(What the task requires): When you reach the line containing "12bea819142 Lyst - Shellys" in the records below, start copying exactly, and stop once you have copied the line containing "Frank Sinatra, Dean".

*** Material for this task ***

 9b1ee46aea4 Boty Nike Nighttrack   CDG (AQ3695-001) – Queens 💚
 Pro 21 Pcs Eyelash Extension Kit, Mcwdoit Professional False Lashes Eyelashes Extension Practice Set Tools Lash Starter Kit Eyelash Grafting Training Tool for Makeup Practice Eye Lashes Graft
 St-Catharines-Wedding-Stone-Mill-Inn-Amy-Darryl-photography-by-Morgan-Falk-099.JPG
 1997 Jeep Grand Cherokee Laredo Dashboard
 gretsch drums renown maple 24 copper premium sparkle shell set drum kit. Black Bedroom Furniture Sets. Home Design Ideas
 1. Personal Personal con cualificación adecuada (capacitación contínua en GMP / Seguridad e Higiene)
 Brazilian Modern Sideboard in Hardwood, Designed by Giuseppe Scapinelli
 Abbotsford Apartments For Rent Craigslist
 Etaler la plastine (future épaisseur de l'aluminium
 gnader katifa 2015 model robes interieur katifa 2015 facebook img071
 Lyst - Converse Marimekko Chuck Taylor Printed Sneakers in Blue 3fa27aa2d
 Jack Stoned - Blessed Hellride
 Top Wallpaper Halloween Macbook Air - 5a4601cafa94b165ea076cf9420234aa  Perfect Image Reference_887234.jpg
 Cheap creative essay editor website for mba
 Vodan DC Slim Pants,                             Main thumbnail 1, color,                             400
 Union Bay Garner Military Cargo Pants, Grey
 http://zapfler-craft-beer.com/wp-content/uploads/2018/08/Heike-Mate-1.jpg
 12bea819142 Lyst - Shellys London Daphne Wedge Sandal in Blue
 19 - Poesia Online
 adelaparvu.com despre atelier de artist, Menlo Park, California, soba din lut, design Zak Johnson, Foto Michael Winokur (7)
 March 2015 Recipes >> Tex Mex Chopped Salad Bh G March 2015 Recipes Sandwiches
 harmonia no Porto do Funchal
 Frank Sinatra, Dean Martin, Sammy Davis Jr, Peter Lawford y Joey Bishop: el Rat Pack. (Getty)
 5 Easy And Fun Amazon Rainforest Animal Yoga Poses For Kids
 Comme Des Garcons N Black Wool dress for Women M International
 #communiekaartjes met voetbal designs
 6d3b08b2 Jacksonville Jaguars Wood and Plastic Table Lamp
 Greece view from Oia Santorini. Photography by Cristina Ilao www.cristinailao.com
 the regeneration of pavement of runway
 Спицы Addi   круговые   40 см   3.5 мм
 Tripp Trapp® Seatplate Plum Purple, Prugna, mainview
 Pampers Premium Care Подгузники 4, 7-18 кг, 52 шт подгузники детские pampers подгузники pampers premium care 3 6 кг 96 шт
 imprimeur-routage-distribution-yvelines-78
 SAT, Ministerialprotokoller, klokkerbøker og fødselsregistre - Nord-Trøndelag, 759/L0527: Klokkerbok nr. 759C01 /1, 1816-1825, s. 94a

*** End of Material for this task ***

(Solution to the problem):
 12bea819142 Lyst - Shellys London Daphne Wedge Sandal in Blue
 19 - Poesia Online
 adelaparvu.com despre atelier de artist, Menlo Park, California, soba din lut, design Zak Johnson, Foto Michael Winokur (7)
 March 2015 Recipes >> Tex Mex Chopped Salad Bh G March 2015 Recipes Sandwiches
 harmonia no Porto do Funchal
 Frank Sinatra, Dean Martin, Sammy Davis Jr, Peter Lawford y Joey Bishop: el Rat Pack. (Getty)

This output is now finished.